• **Task to complete**
Nothing but an exact copy is asked for: the lines in the material below from the one with "Les p 39 tits" through the one with "goedkope wasmachine siemens", pictures excluded.

• **Record set**
+++
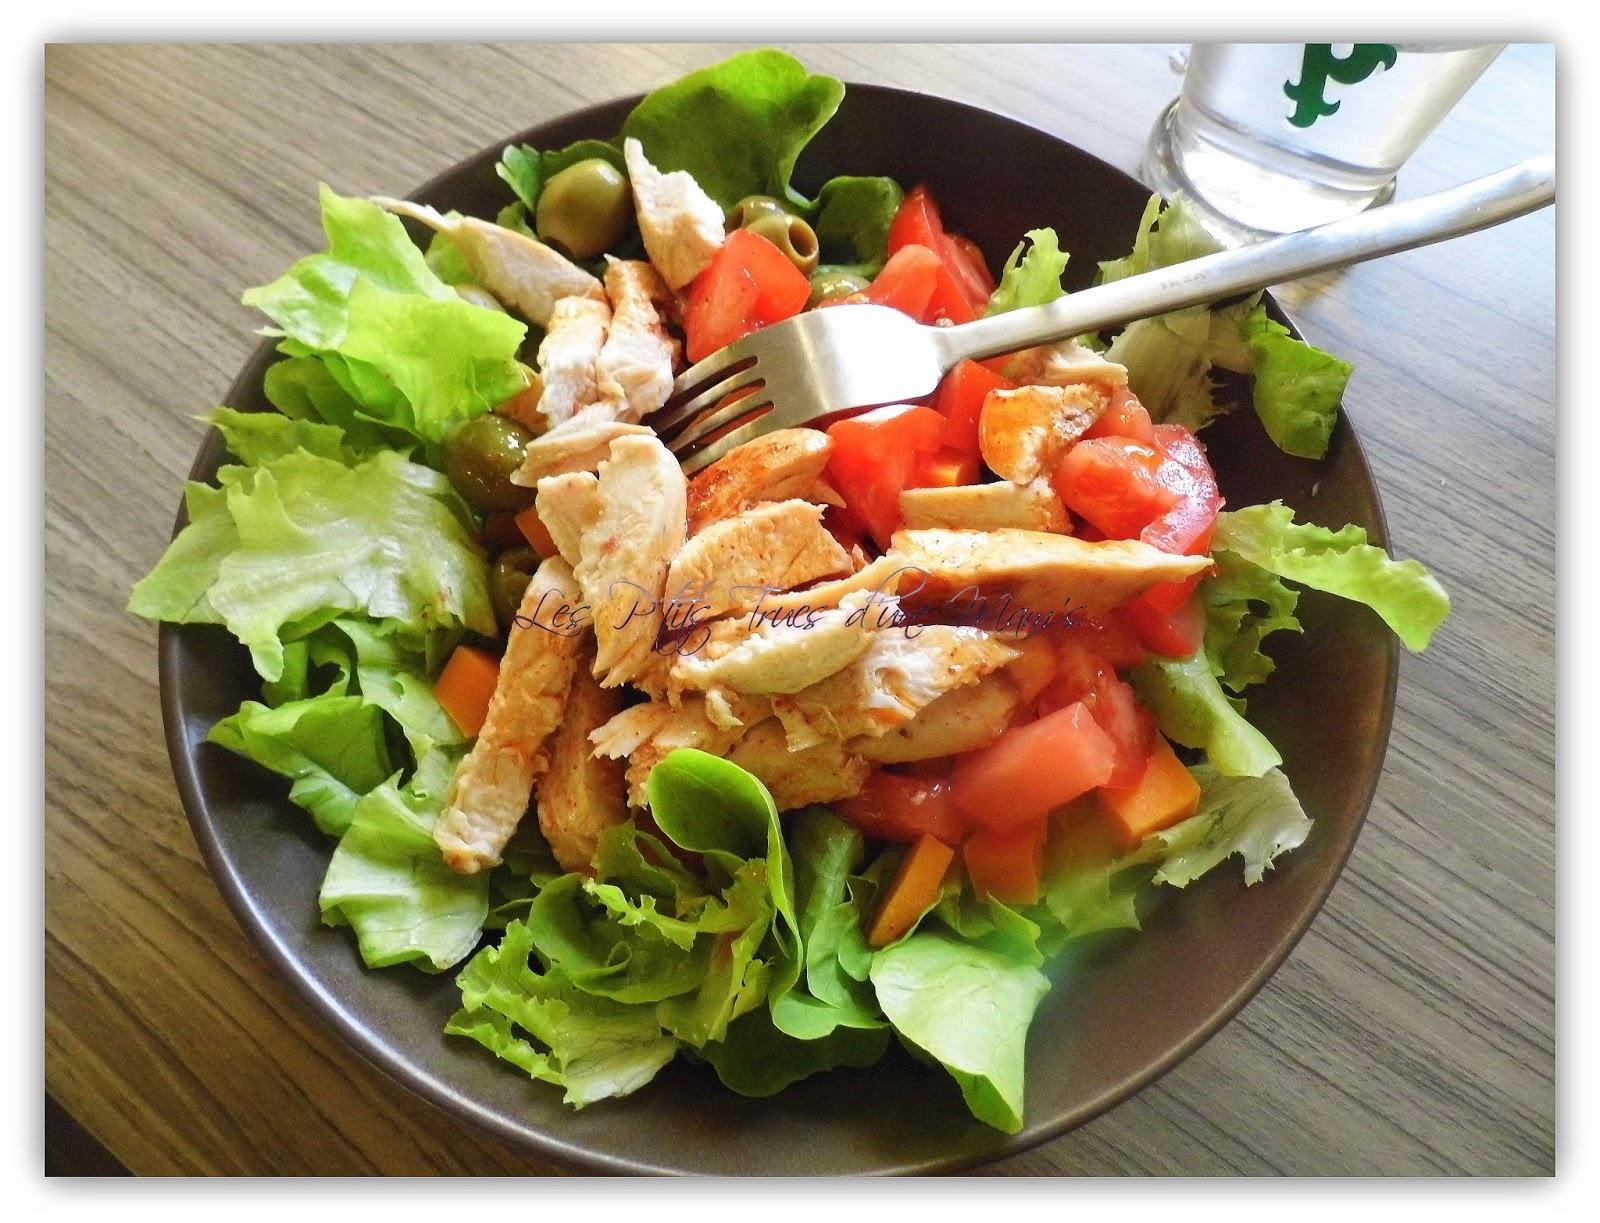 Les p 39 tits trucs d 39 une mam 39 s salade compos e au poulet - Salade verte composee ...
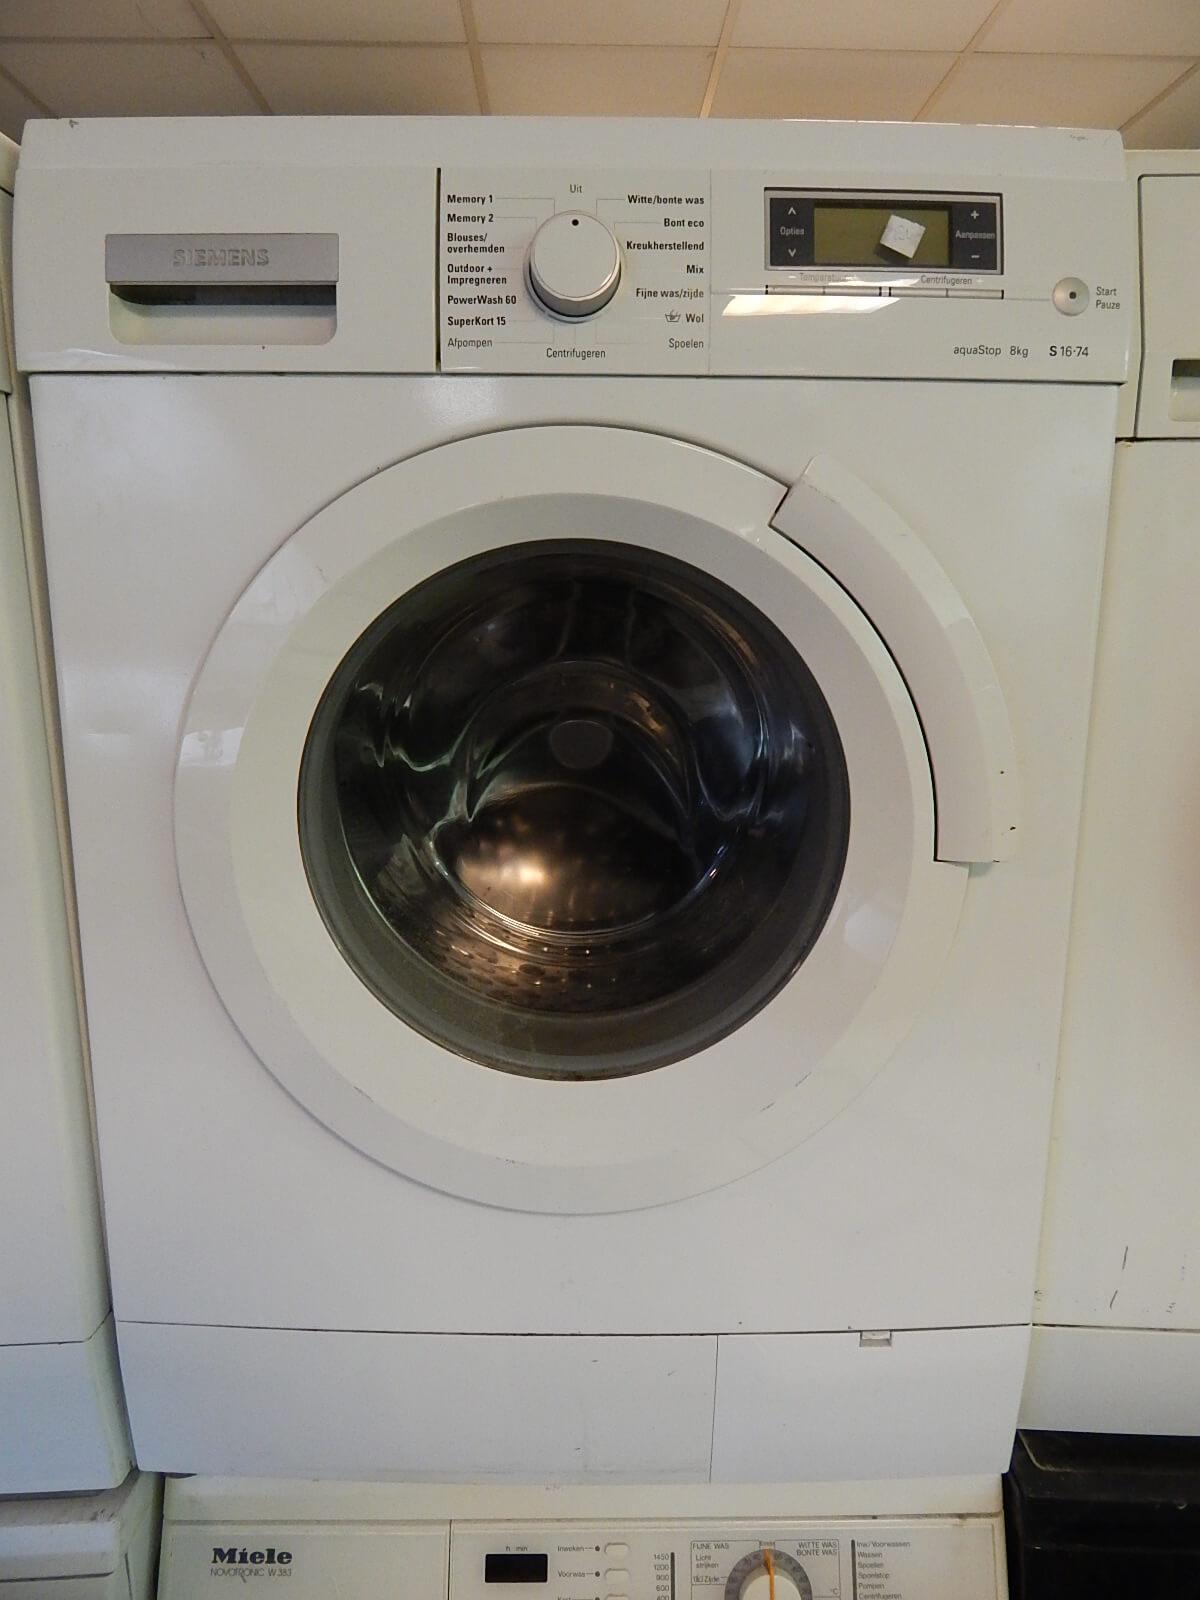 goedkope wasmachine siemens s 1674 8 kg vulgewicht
+++
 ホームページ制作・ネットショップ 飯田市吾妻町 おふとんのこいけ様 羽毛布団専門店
+++
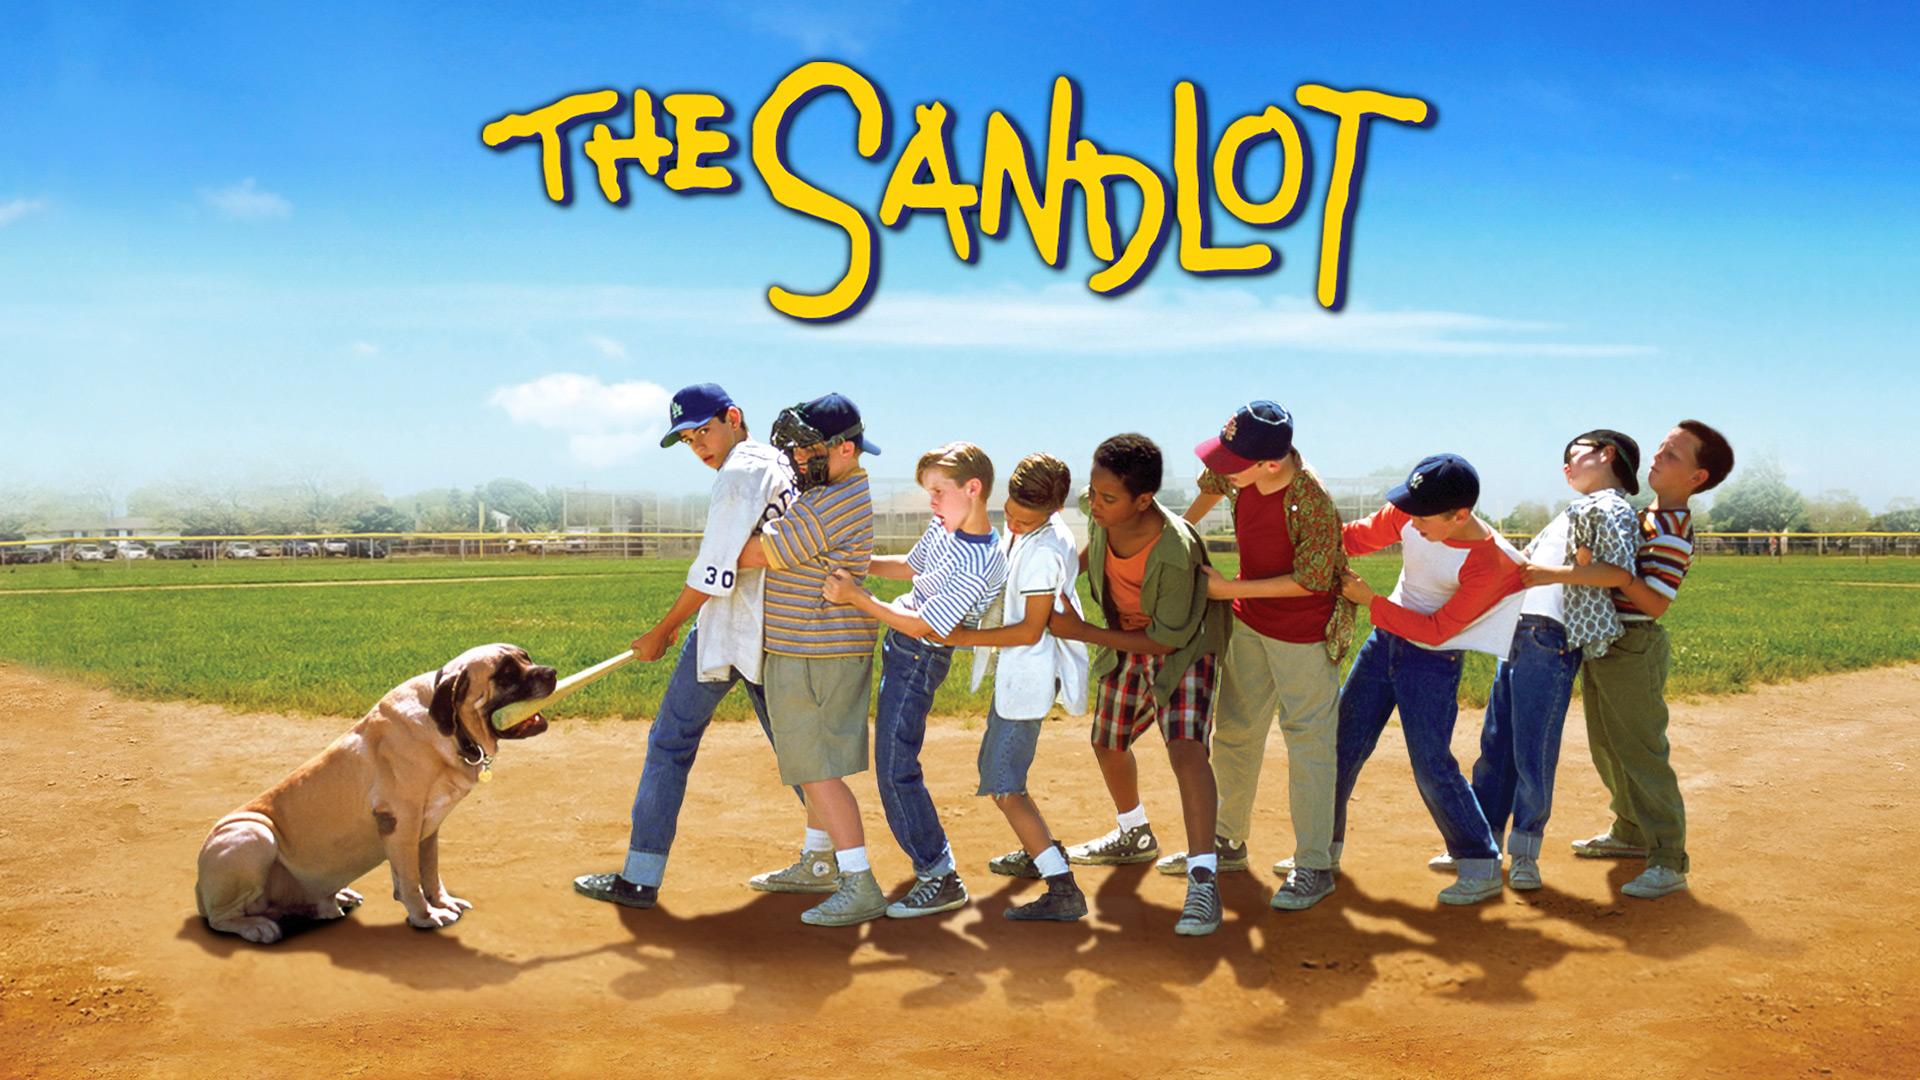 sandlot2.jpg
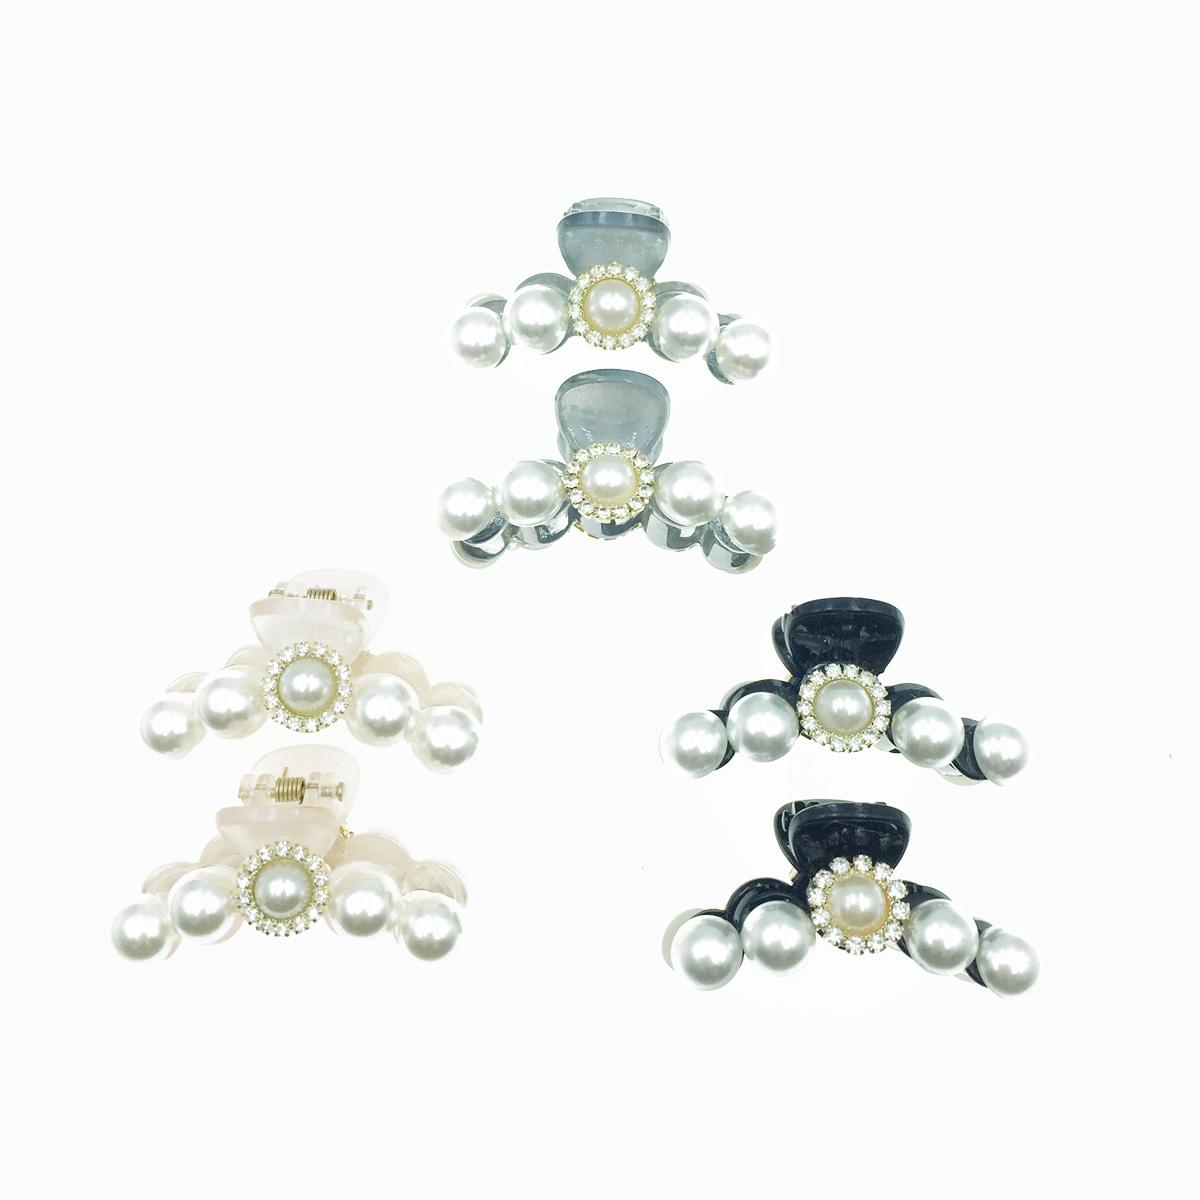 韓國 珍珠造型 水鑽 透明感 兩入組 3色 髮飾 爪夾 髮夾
+++
• **Task response**
 Les p 39 tits trucs d 39 une mam 39 s salade compos e au poulet - Salade verte composee ...
 goedkope wasmachine siemens s 1674 8 kg vulgewicht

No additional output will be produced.